[The data]

__________

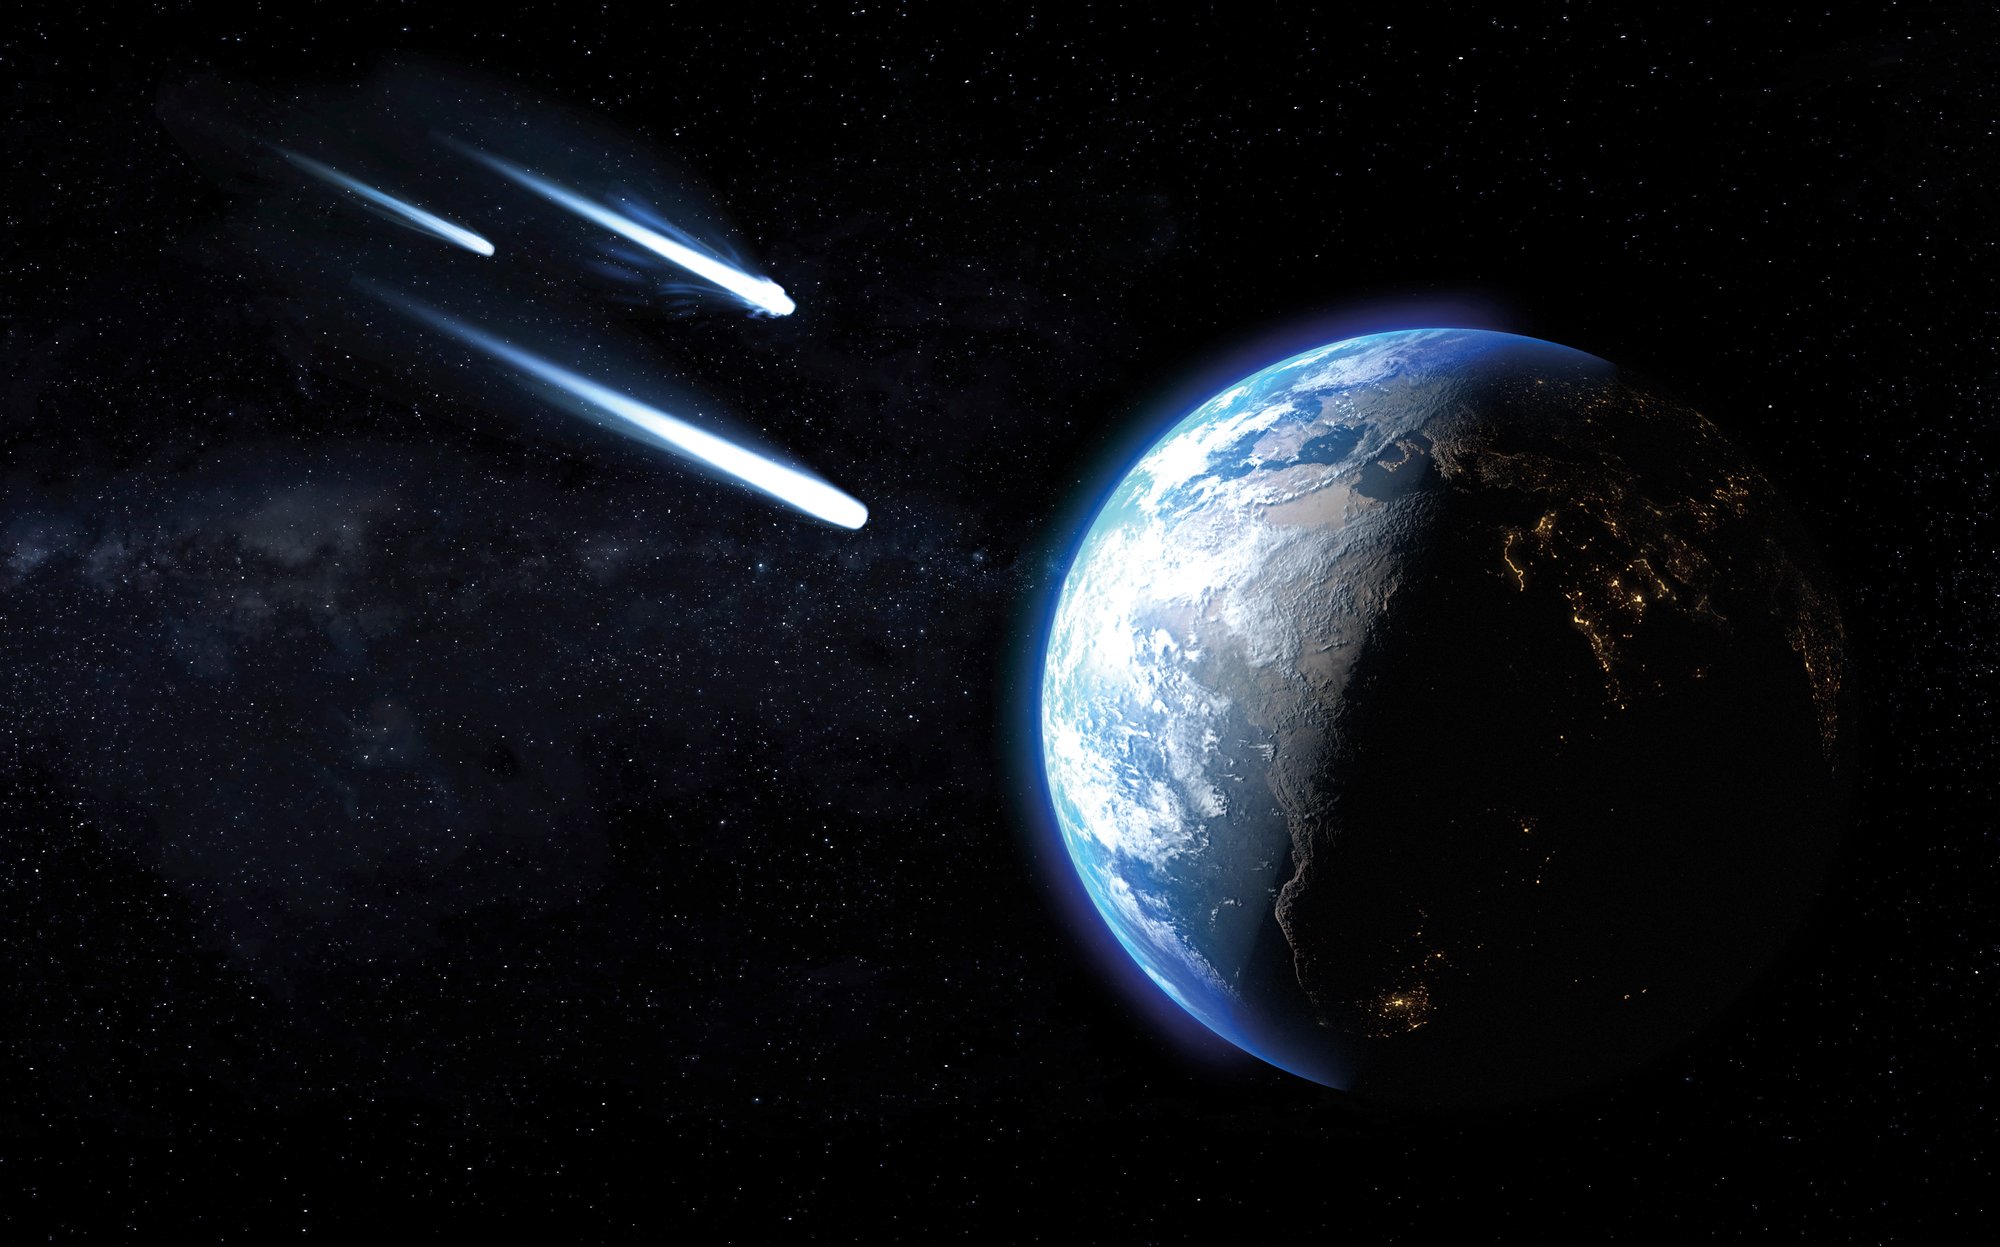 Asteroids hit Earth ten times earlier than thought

__________

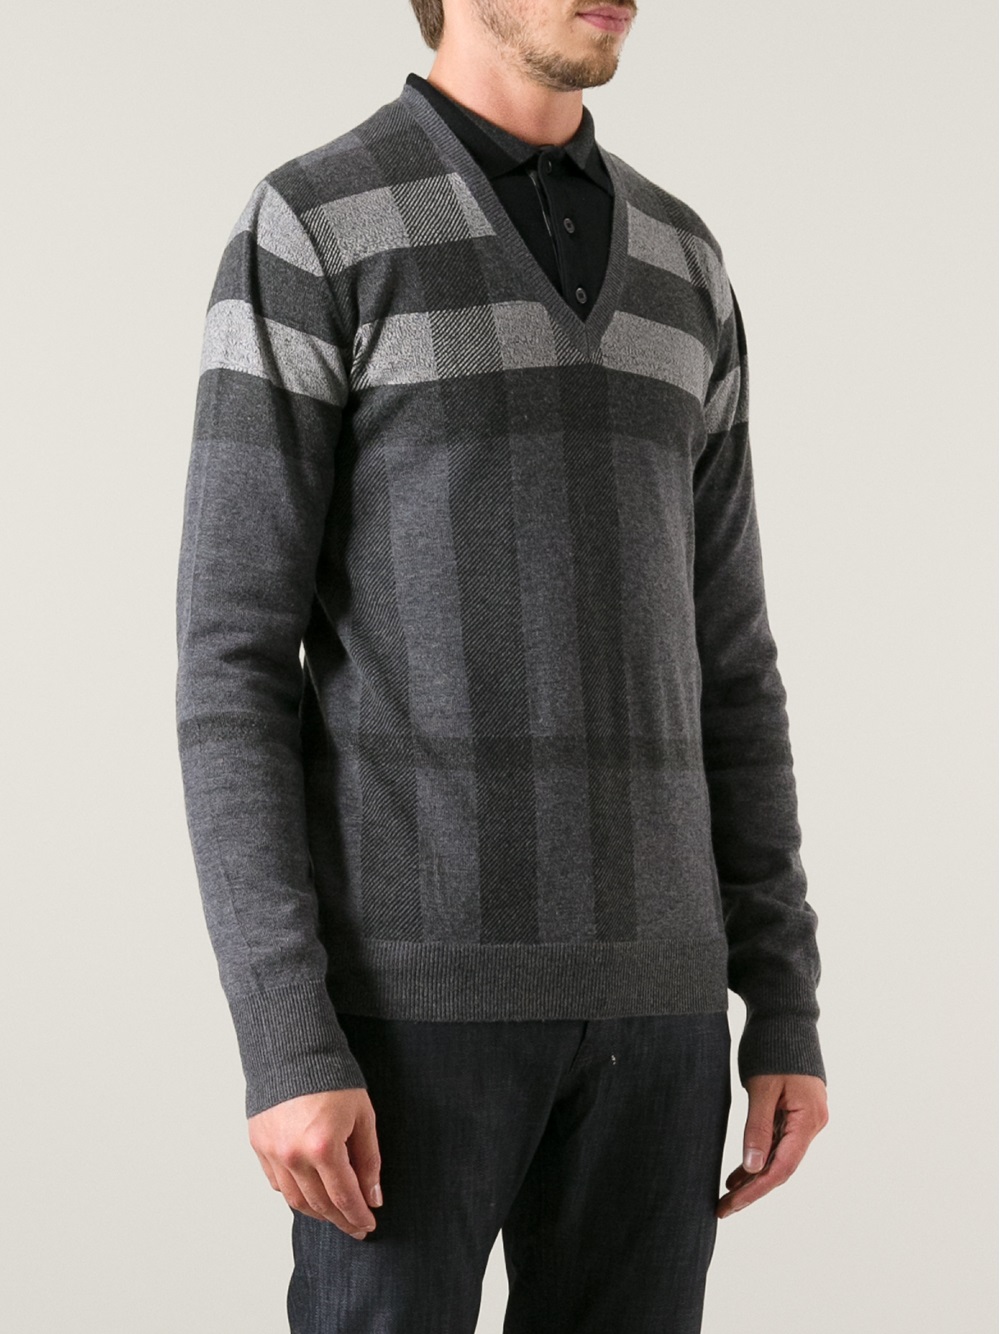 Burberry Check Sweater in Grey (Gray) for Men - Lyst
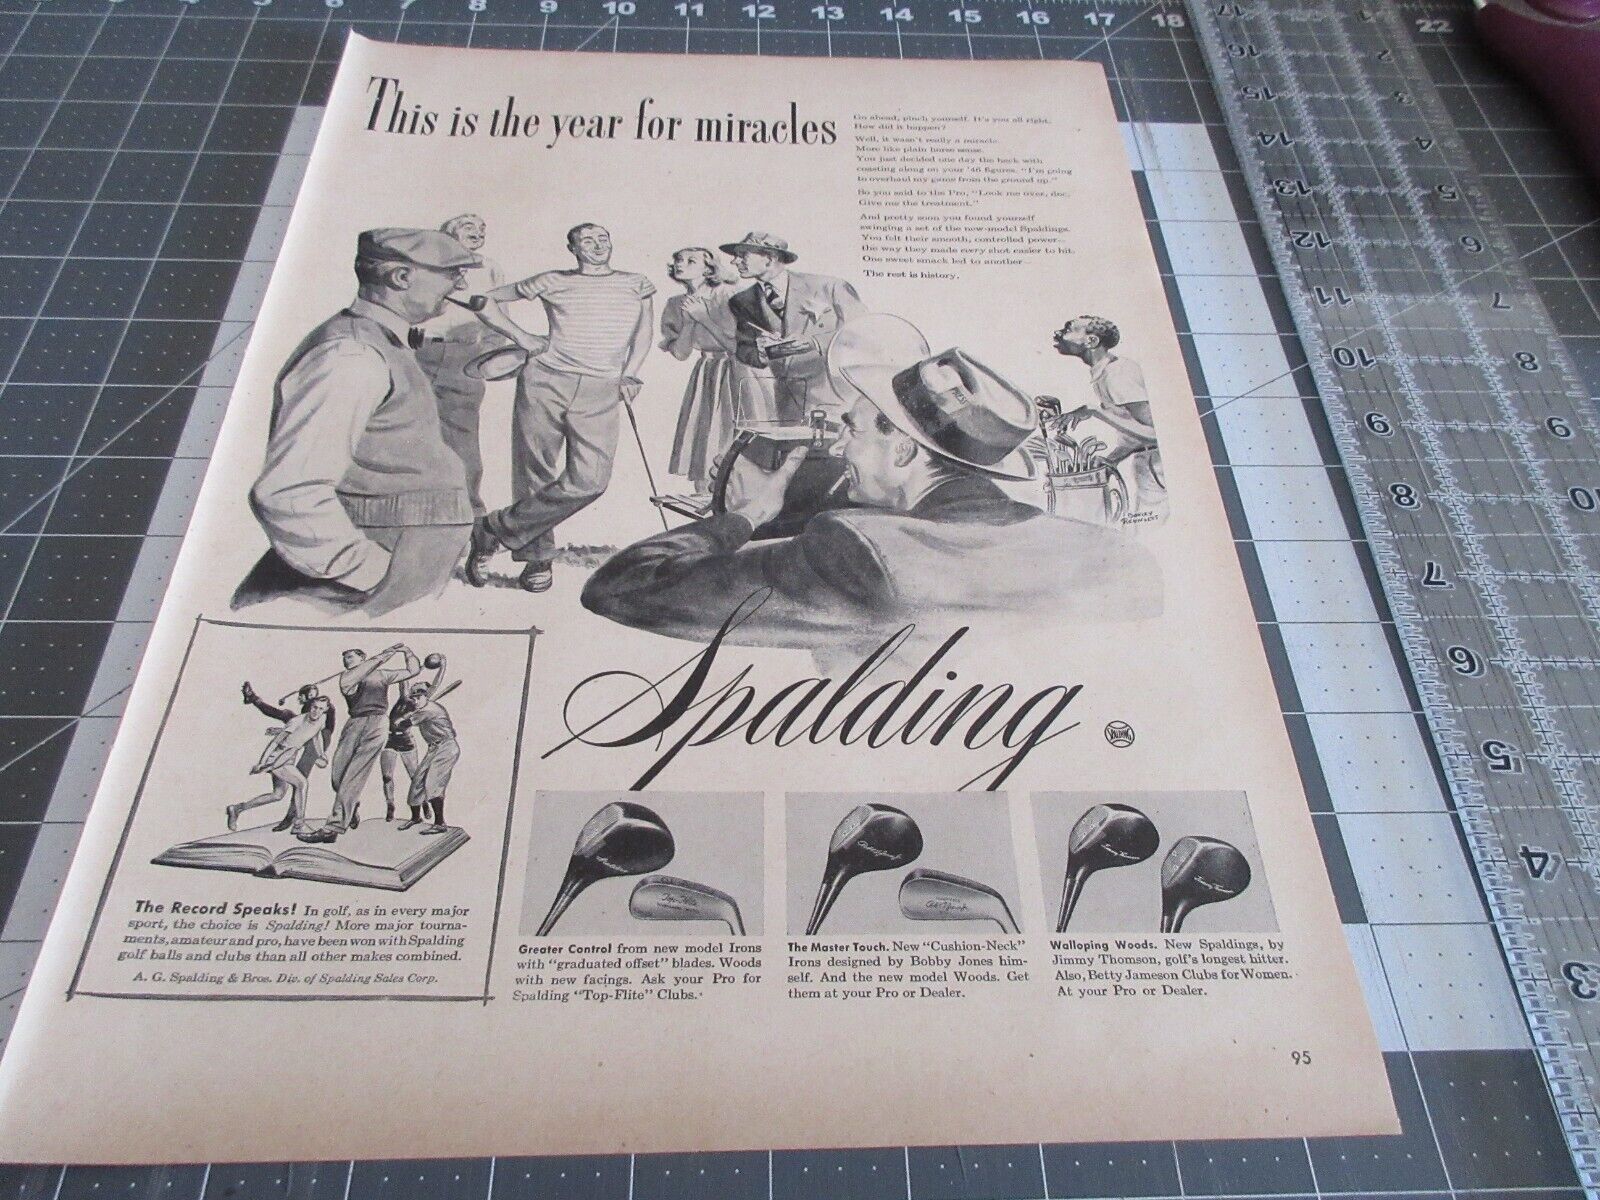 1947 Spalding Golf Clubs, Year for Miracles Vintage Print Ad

__________

[Description of the task] Would you transcribe the lines above exactly, going from the line bearing "Burberry Check Sweater" through the line bearing "1947 Spalding Golf", and drop the pictures from the copy?

[Output for this task]
 Burberry Check Sweater in Grey (Gray) for Men - Lyst
 1947 Spalding Golf Clubs, Year for Miracles Vintage Print Ad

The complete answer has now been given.